Hannah era excesivamente protectora con Riley, incluso desde el primer día que se conocieron. Ella pensaba que era normal, dada la condición de Riley y puesto que era su hermano adoptivo…

«…pero, ¿podría haber de verdad algo más ahí?»

—Qu… —Hannah se percató rápidamente de la forma en que Silvie la miraba—. ¡No pasa nada! ¡Sabes lo unidos que estamos Riley y yo!

—…Demasiado unidos —dijo Silvie, entrecerrando los ojos.

—¡No hay nada de eso!

—¿Qué… me he perdido? —Y mientras las Hannahs estaban a punto de declararse la guerra, Gracy, a quien Aerith había puesto a dormir, por fin se despertó…

…solo para que la volvieran a dormir.

***

—¿El… jefe… final?

De nuevo, en otro universo, una Chihiro diferente que solo vestía atuendo de oficina se ajustó las gafas.

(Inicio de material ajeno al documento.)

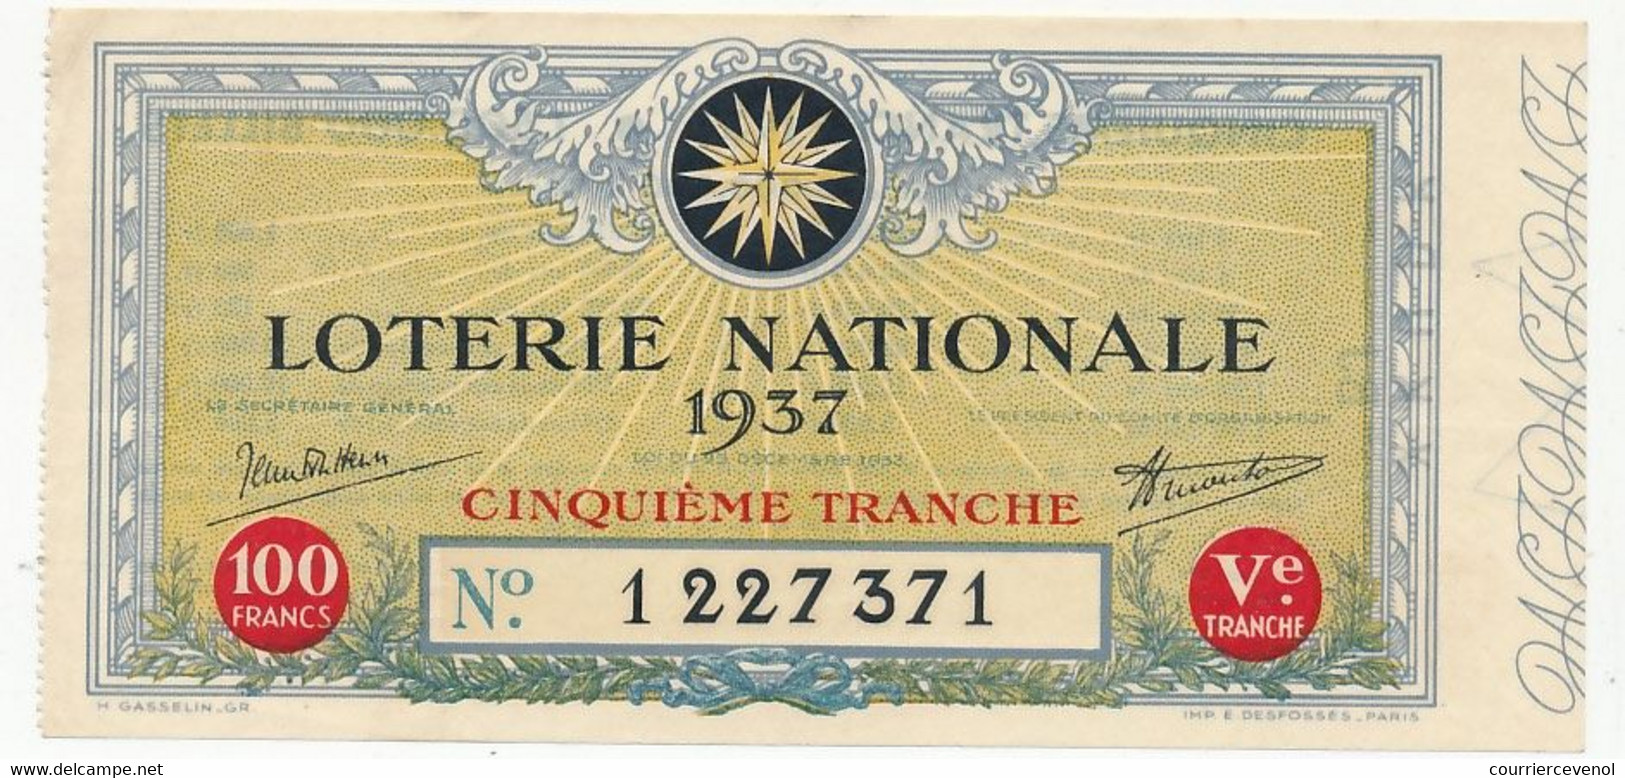 FRANCE - Loterie Nationale - Billet Entier - 5eme Tranche 1937 - Lottery Tickets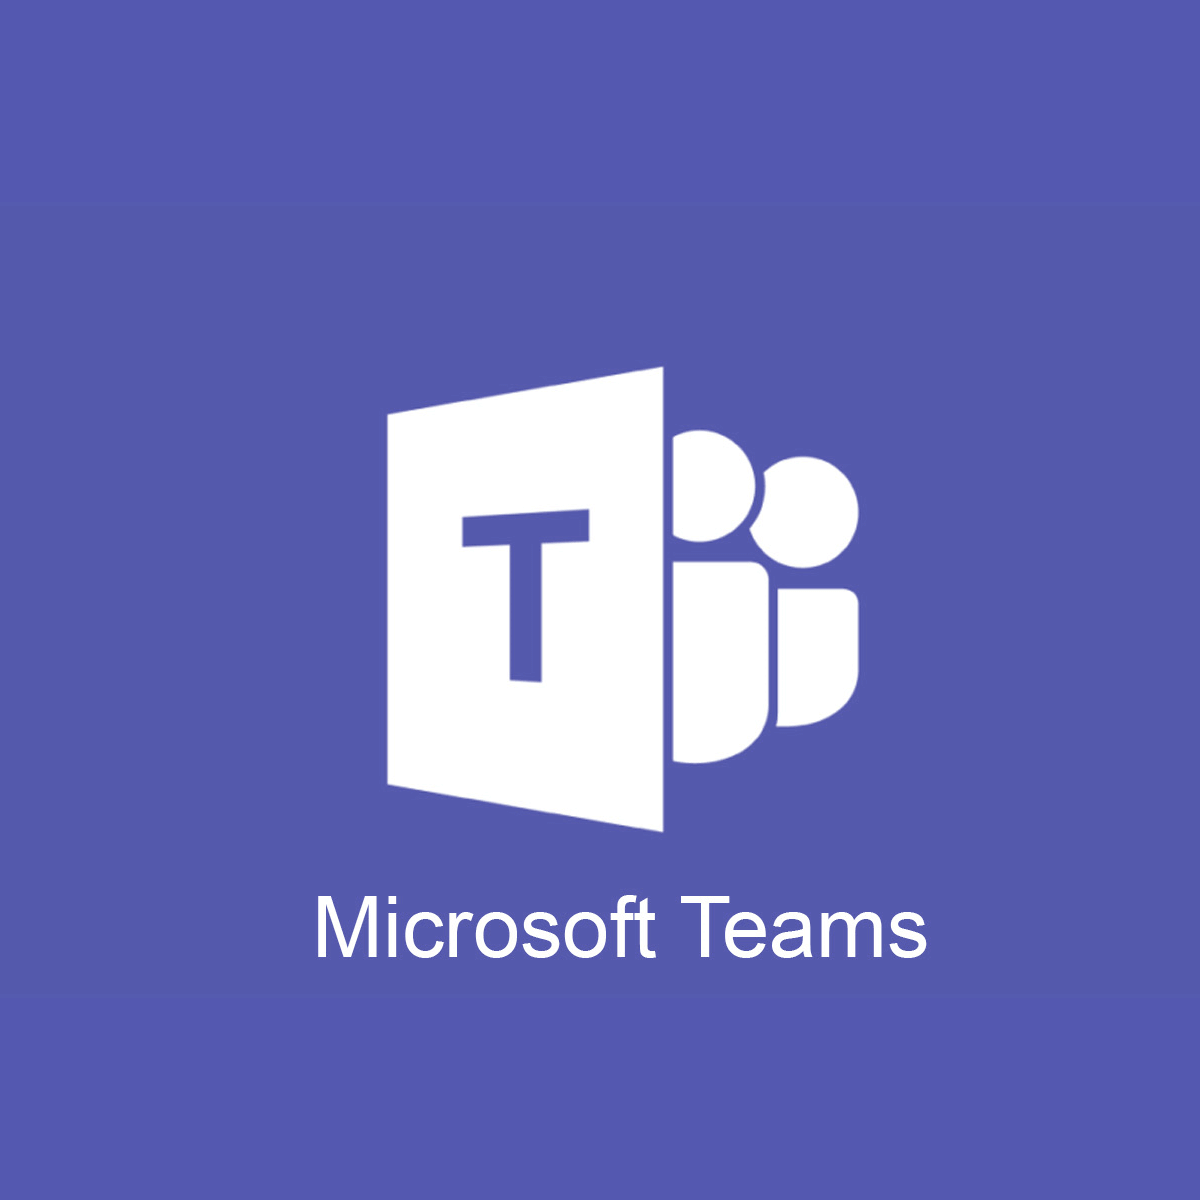 Microsoft Teams might come to Linux in the future

Estaba tomándose un descanso y haciendo sus necesidades en la comodidad del inodoro, cuando de repente, un mensaje flotante apareció ante ella… junto con el rostro de Riley Ross.

—¿Qué estoy…?

[Preparando para enviarte a otro universo.]

—¿…Eh? Machina, ¿qué estás…? —Y antes de que Chihiro pudiera siquiera reaccionar…

…un agujero se abrió en el aire frente a ella, a pesar de que ella aún no había terminado de cerrar el suyo.

—Q…

…¡¿No podéis dejar que me limpie primero!?

Finalmente, los Primordiales.

Como en la mayoría de los casos de la literatura, este no será diferente. Los Primordiales son seres que han existido desde la creación del tiempo, el espacio, el universo y todo lo que posiblemente condujo a todo.

No bastaba con decir que lo controlan todo… No. Porque la mayoría de ellos en realidad no lo hacen. Y cada vez que lo hacen, es de una forma tan vaga que ni siquiera se podría llamar control.

Quizás era mejor decir que era el propio universo el que los controlaba. Eran como las piezas de un reloj: la Existencia misma es la pila, y ellos son los engranajes que hacen que todo se mueva. Si uno de ellos desapareciera, todos los universos dejarían de moverse y funcionar correctamente.

Algo estaría mal, algo siempre estaría mal a partir de entonces si uno de ellos desapareciera. Han visto crecer los universos, los han visto morir… y los han visto reiniciarse un millón de veces.

La existencia de los primordiales, en sí misma, es vaga. Existen, pero al mismo tiempo, no. Viven en un plano completamente diferente, donde los universos parecen simples guijarros diminutos con los que podrían interactuar.

Y cualquiera dentro de esos guijarros debería ser insignificante… debería serlo.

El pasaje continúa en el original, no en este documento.